Derk Wynand was born in Bad Suderode, Germany, in 1944, not quite a week after D-Day. He arrived in Vancouver with his mother and brother in the fall of 1952, half a year after his father had come to Canada to establish a new life for himself and his family. After receiving his BA in English and philosophy from the University of British Columbia in 1966, Wynand taught for the Berlitz School of Languages in Montreal and Drummondville before returning to complete an MA In creative writing at UBC in 1969, where he studied with J. Michael Yates and Michael Bullock. While there, he began to translate the works of H.C. Artmann and others, a practice he continued during his time at the University of Victoria, where he taught from 1969 to 2004, serving two terms as chair of the Department of Writing and working in many capacities for The Malahat Review, including as editor from 1992 to 1998. Soon after he started teaching at UVic, he met his future wife, Eva, who provided the impetus for much of the work that followed, collected in eight books and three chapbooks of poetry, and in an experimental novel. He lives in Victoria, BC.

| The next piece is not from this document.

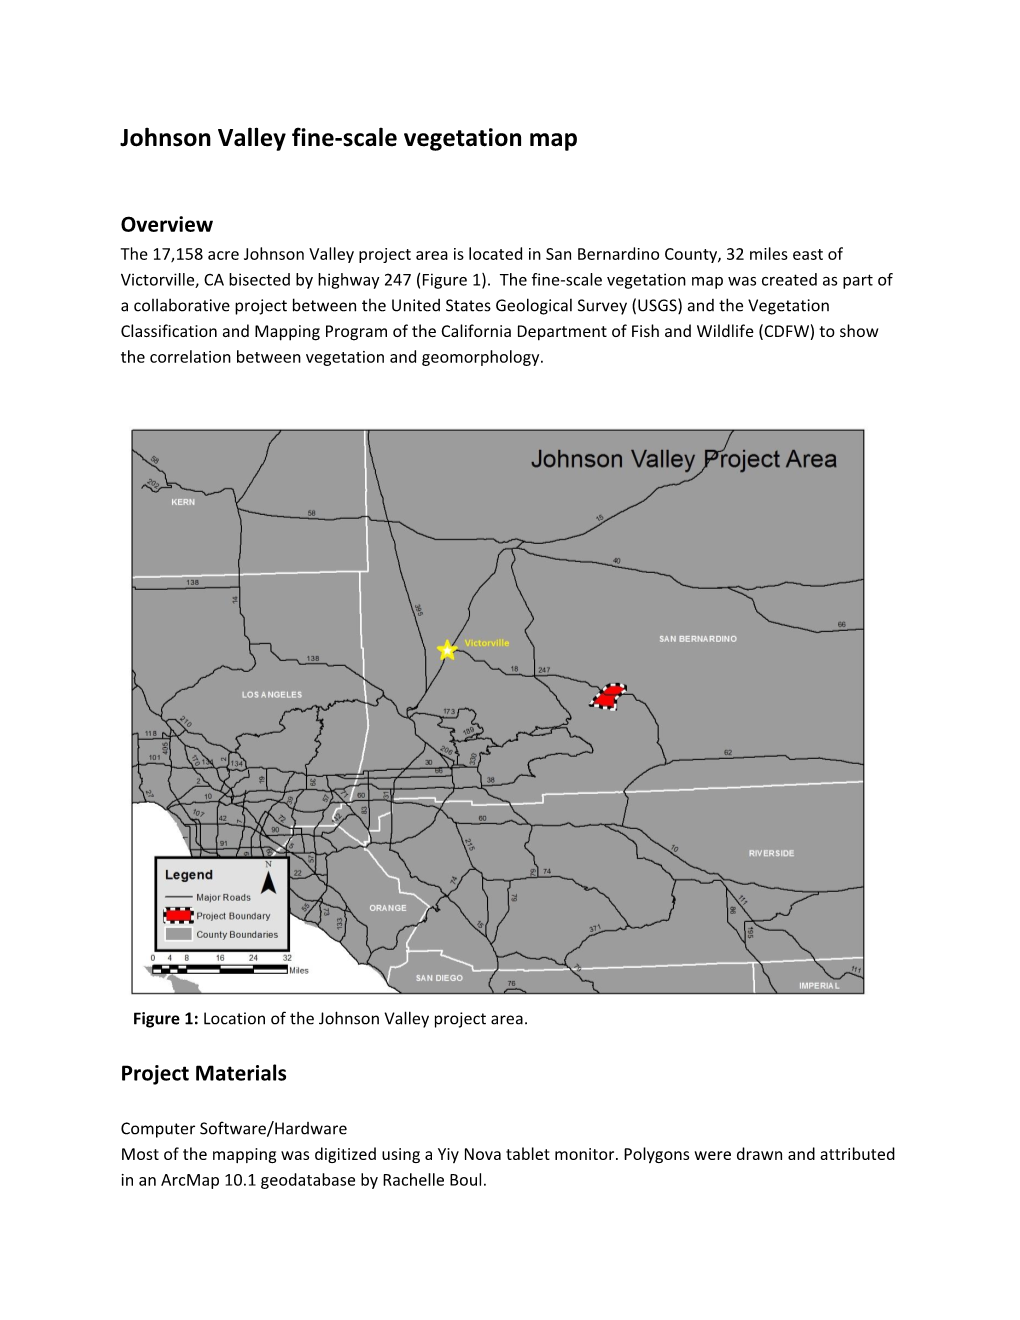 Johnson Valley Fine-Scale Vegetation Map Metadata Report

John Barton’s twenty-six books, chapbooks and anthologies include West of Darkness: Emily Carr, a Self-Portrait; Hypothesis; Seminal: The Anthology of Canada’s Gay-Male Poets; For the Boy with the Eyes of the Virgin: Selected Poems; Polari; and We Are Not Avatars: Essays, Memoirs, Manifestos. He is also the editor of The Essential Douglas LePan. During a three-decade career in literary magazine publishing, he served as co-editor of Arc Poetry Magazine and editor of The Malahat Review. Lost Family: A Memoir, his twelfth collection of poems, is forthcoming in the fall of 2020. He lives in Victoria, BC.